Cancer risk prediction and model validation with 'omics data

Last updated:: 16 March 2026

ID:: 1089913
Start date:: 5 March 2026
Project status:: Current
Principal investigator:: Dr James Geoffrey Dowty
Lead institution:: University of Melbourne, Australia

We aim to use genomics, proteomics and other ‘omics data, plus lifestyle/clinical risk factors to estimate corresponding risks of cancer, predict cancer risks, validate cancer risk models, and identify causal effects on cancer risk.

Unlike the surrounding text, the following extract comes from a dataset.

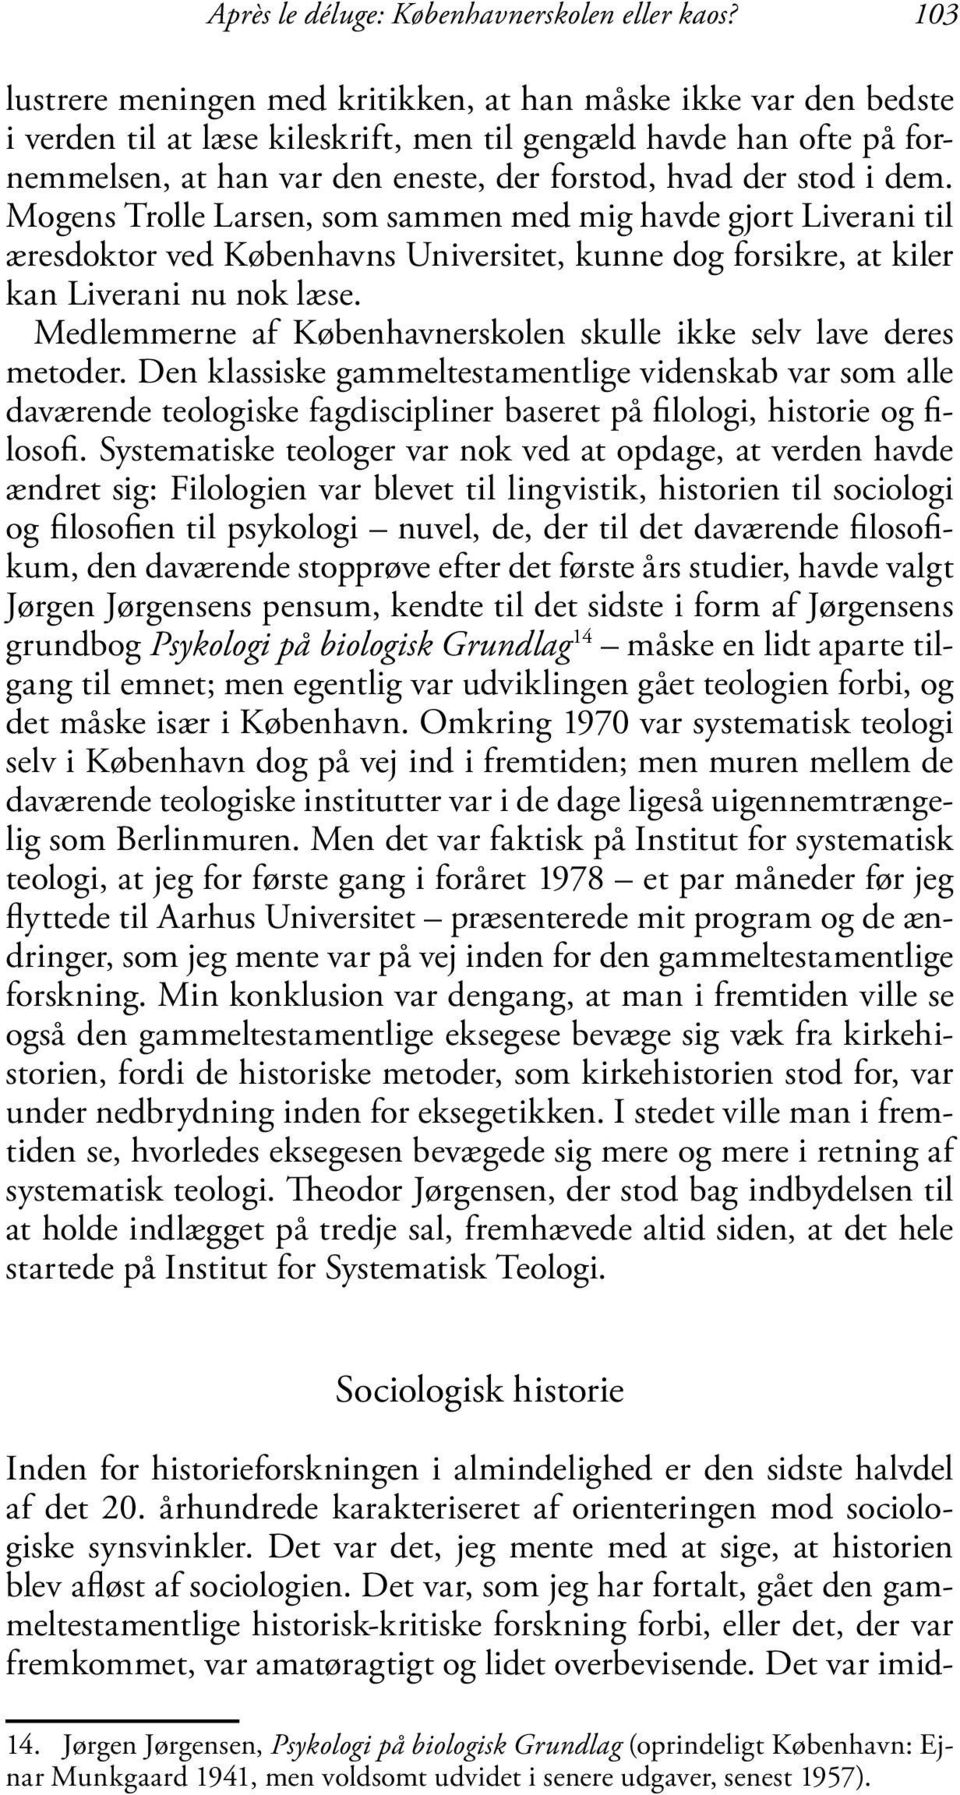 stod i dem. Mogens Trolle Larsen, som sammen med mig havde gjort Liverani til æresdoktor ved Københavns Universitet, kunne dog forsikre, at kiler kan Liverani nu nok læse.

Research questions and rationales:
1. Can we predict the risk of common cancers with a novel plasma proteomic risk score? Individual protein biomarkers have been shown using UKB data (PMID 38750076) to predict future cancer onset, and small studies (PMID 39402035) have combined these into proteomic risk scores, but this promising avenue of enquiry is still in its infancy.
2. Can these proteomic risk scores be integrated with polygenic risk scores and lifestyle/clinical risk factors into a more powerful risk prediction model? Small-scale studies (PMID 39402035) have shown that combining proteomic risk scores with polygenic risk scores gives a predictive performance better than for polygenic risk scores alone. But we would like to test this in a large study (UKB) and also combine this model with lifestyle/clinical risk factors into a comprehensive risk prediction model.
3. How well do the resulting models predict cancer risk (with performance metrics estimated using cross validation)? How well do existing models for predicting cancer risk perform, especially in comparison to our new models? How well do other models broadly in the area of cancer risk prediction, including predicting cancer risk factors, perform? Models cannot be used clinically until they have been validated.
4. Can we identify the causal effects of proteomic and other risk factors on cancer risk, using Mendelian randomisation and other methods of causal inference? We will unravel the causal relationships between cancer risk factors and cancer.
5. Can we predict cancer using other ‘omics data and new analytical approaches?